■ Material provided ■
□ □ □

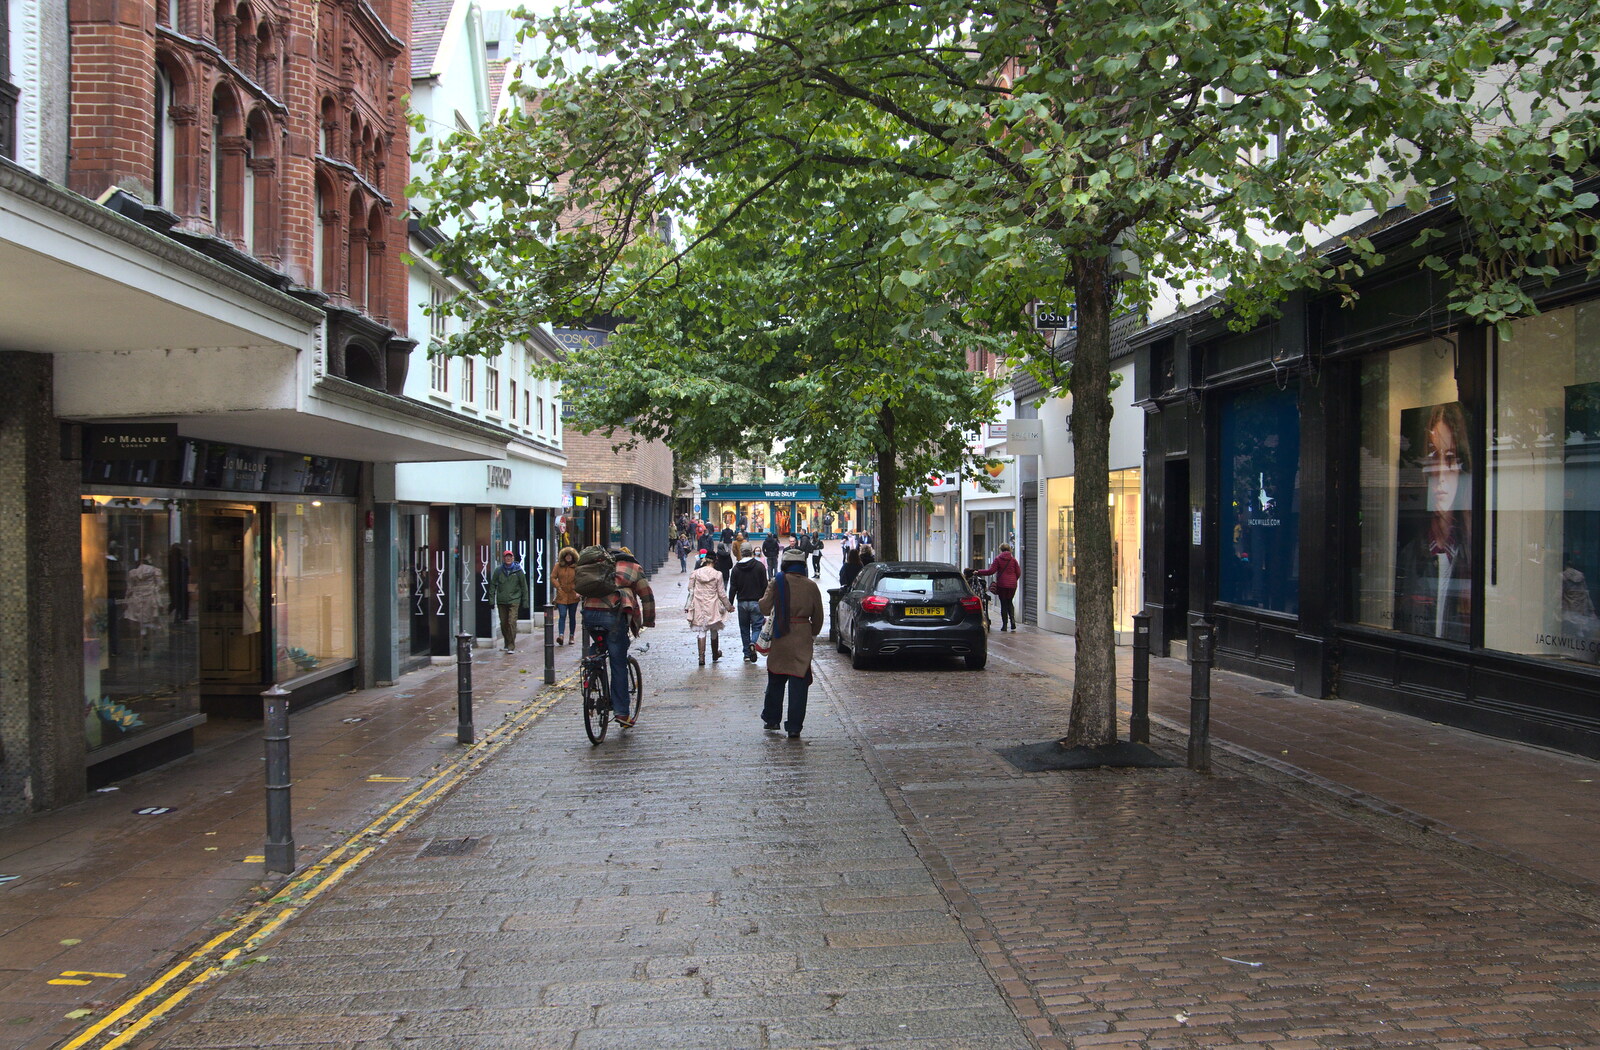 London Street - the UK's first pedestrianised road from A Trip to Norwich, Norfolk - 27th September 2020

□ □ □

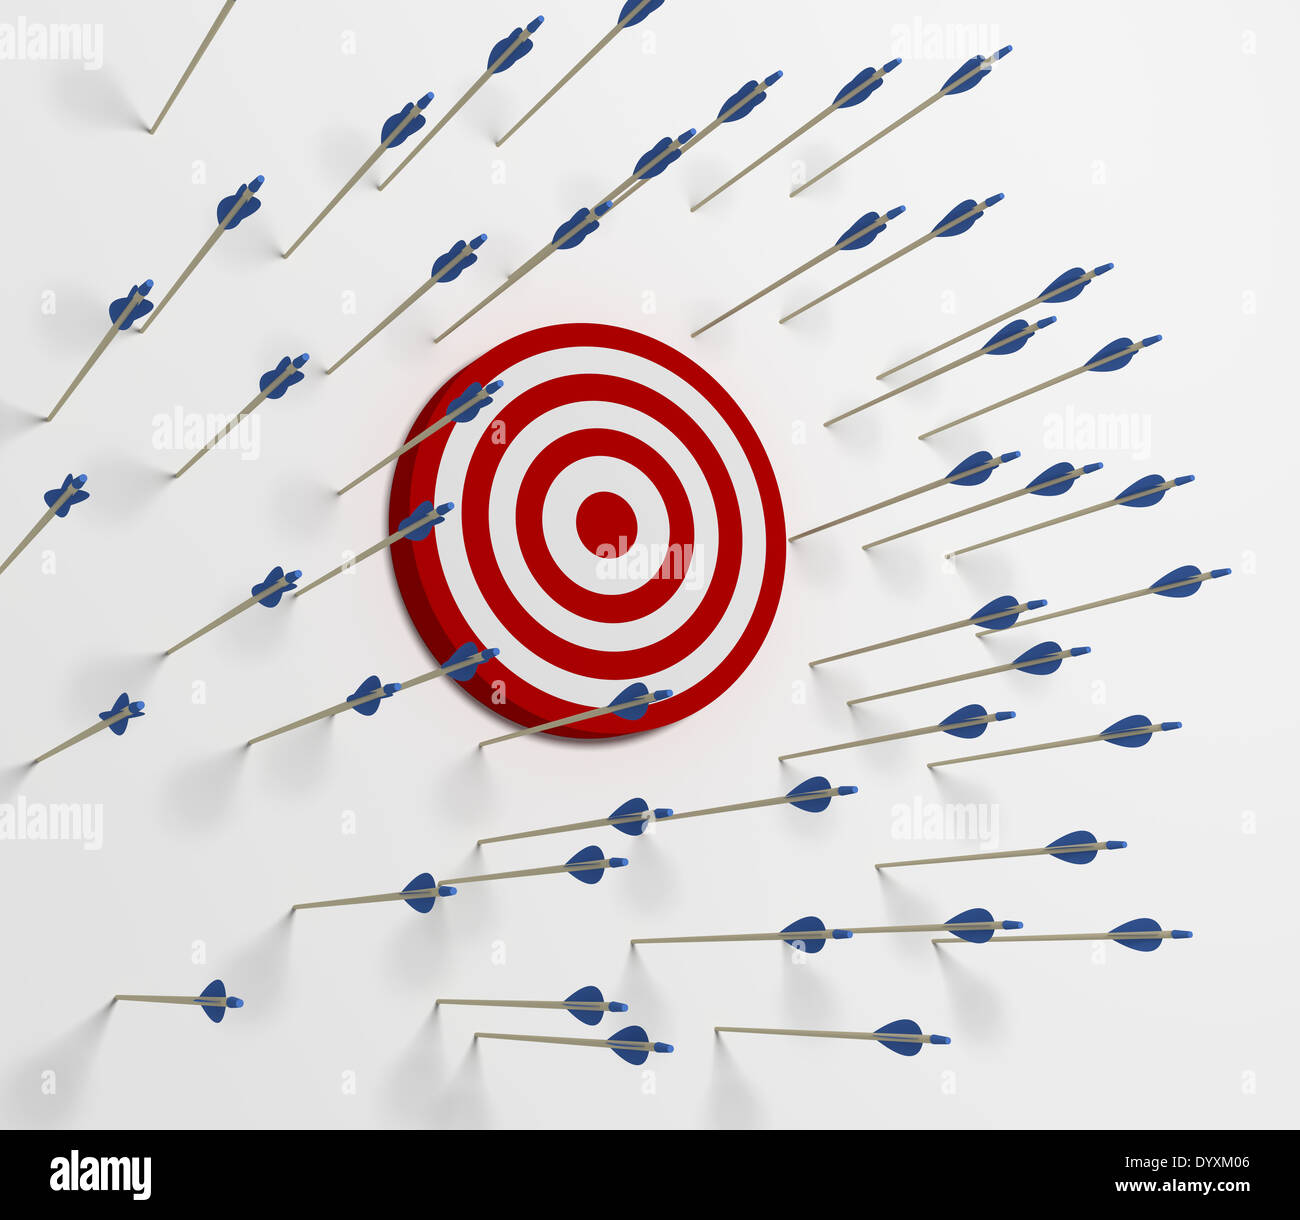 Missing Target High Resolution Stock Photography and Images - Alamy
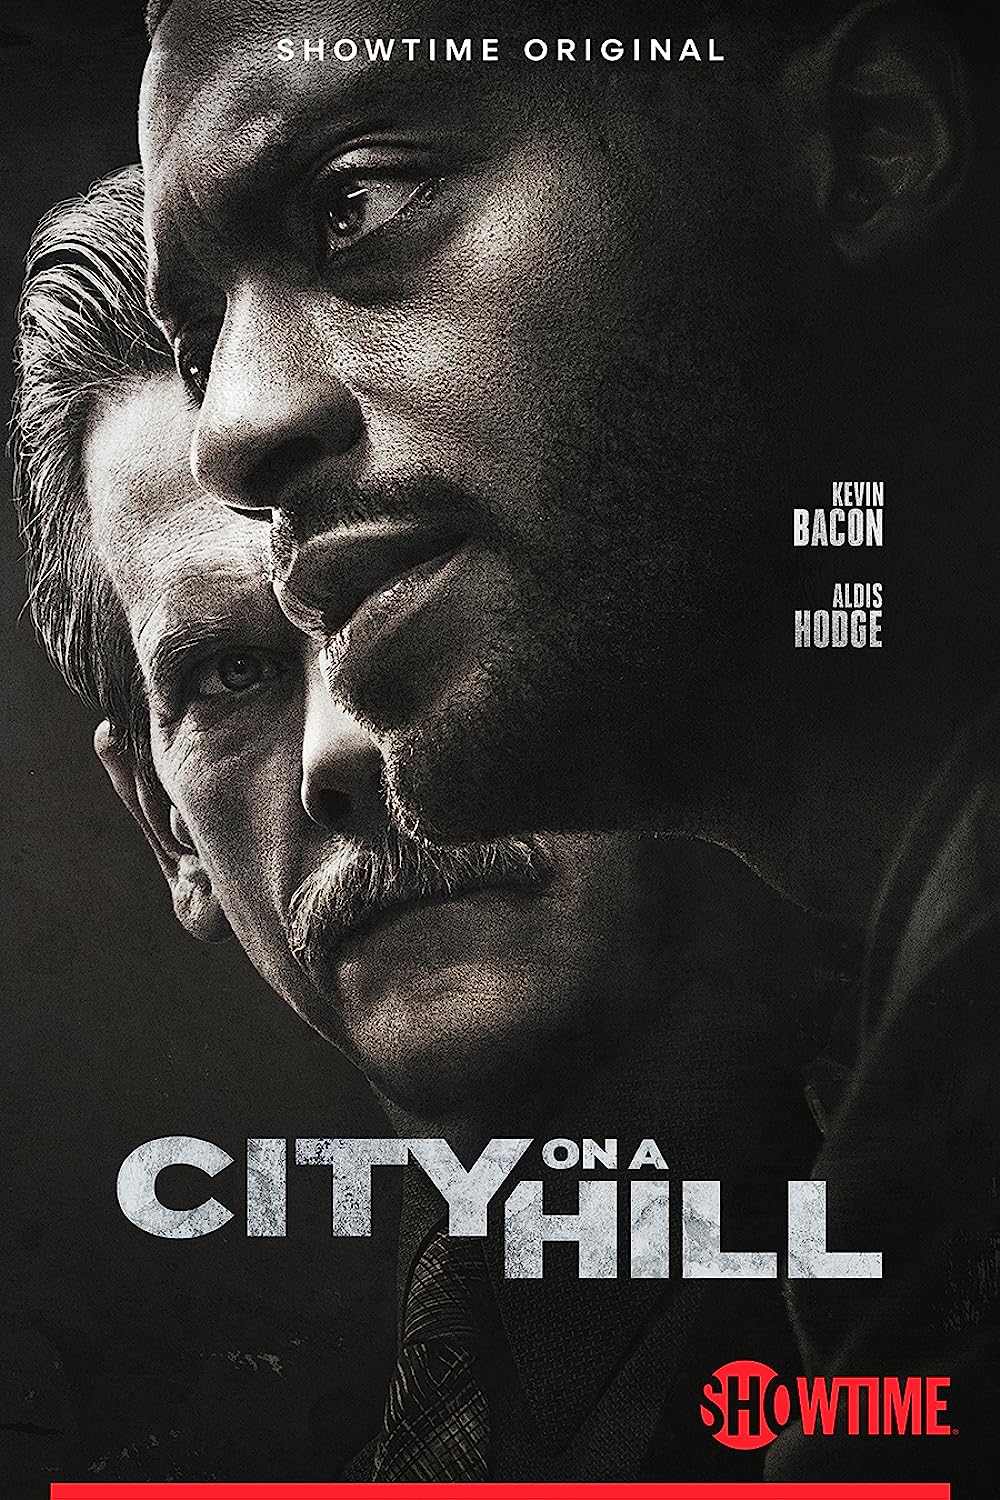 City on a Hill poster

□ □ □

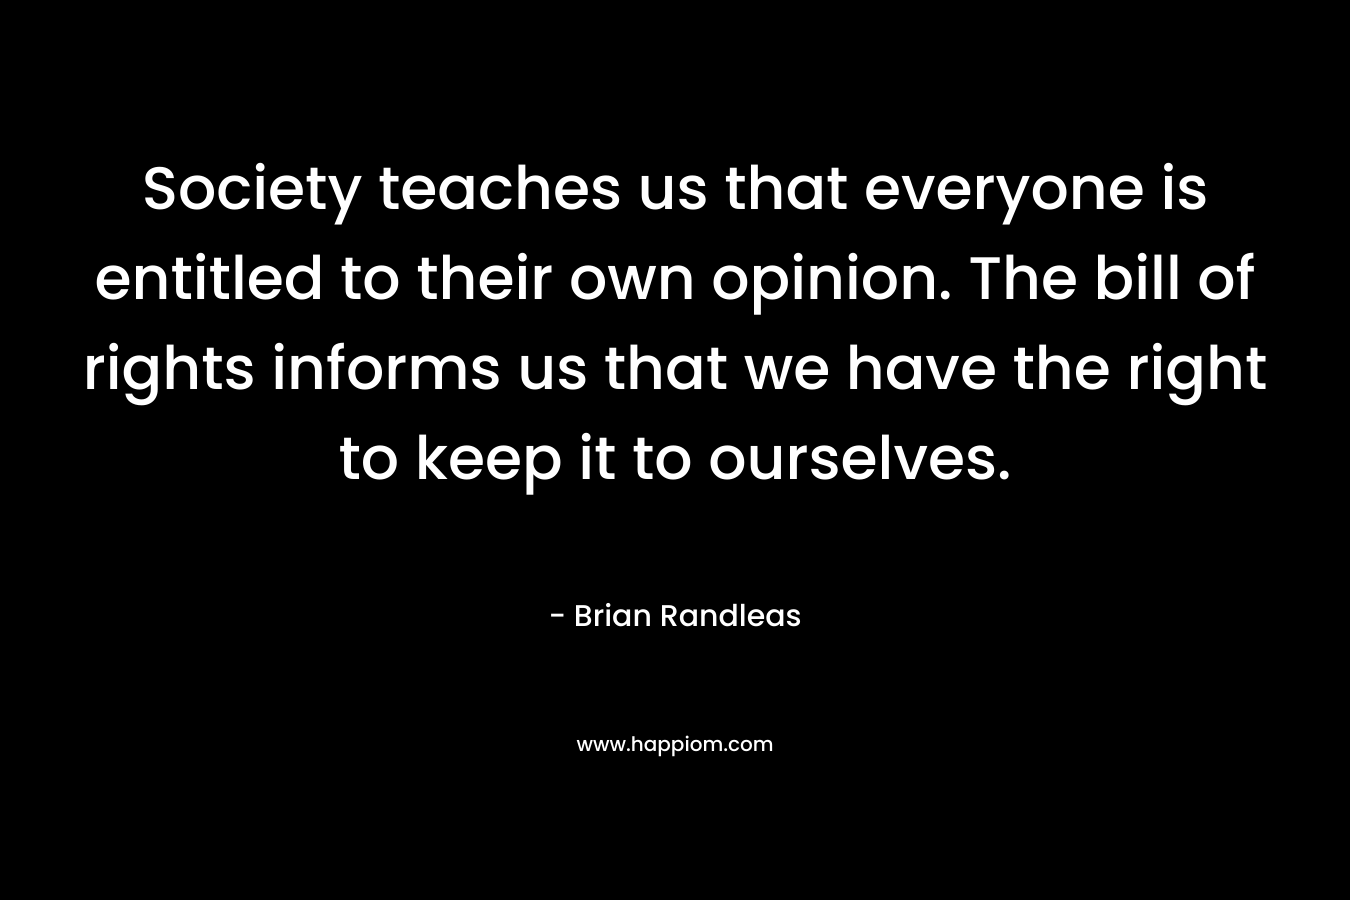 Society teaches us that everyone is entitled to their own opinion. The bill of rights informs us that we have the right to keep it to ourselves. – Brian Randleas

□ □ □

■ The task ■
Restate the lines above from the one containing "Missing Target High" through the one containing "City on a Hill poster", inclusive, exactly and without pictures.

■ Solved problem ■
 Missing Target High Resolution Stock Photography and Images - Alamy
 City on a Hill poster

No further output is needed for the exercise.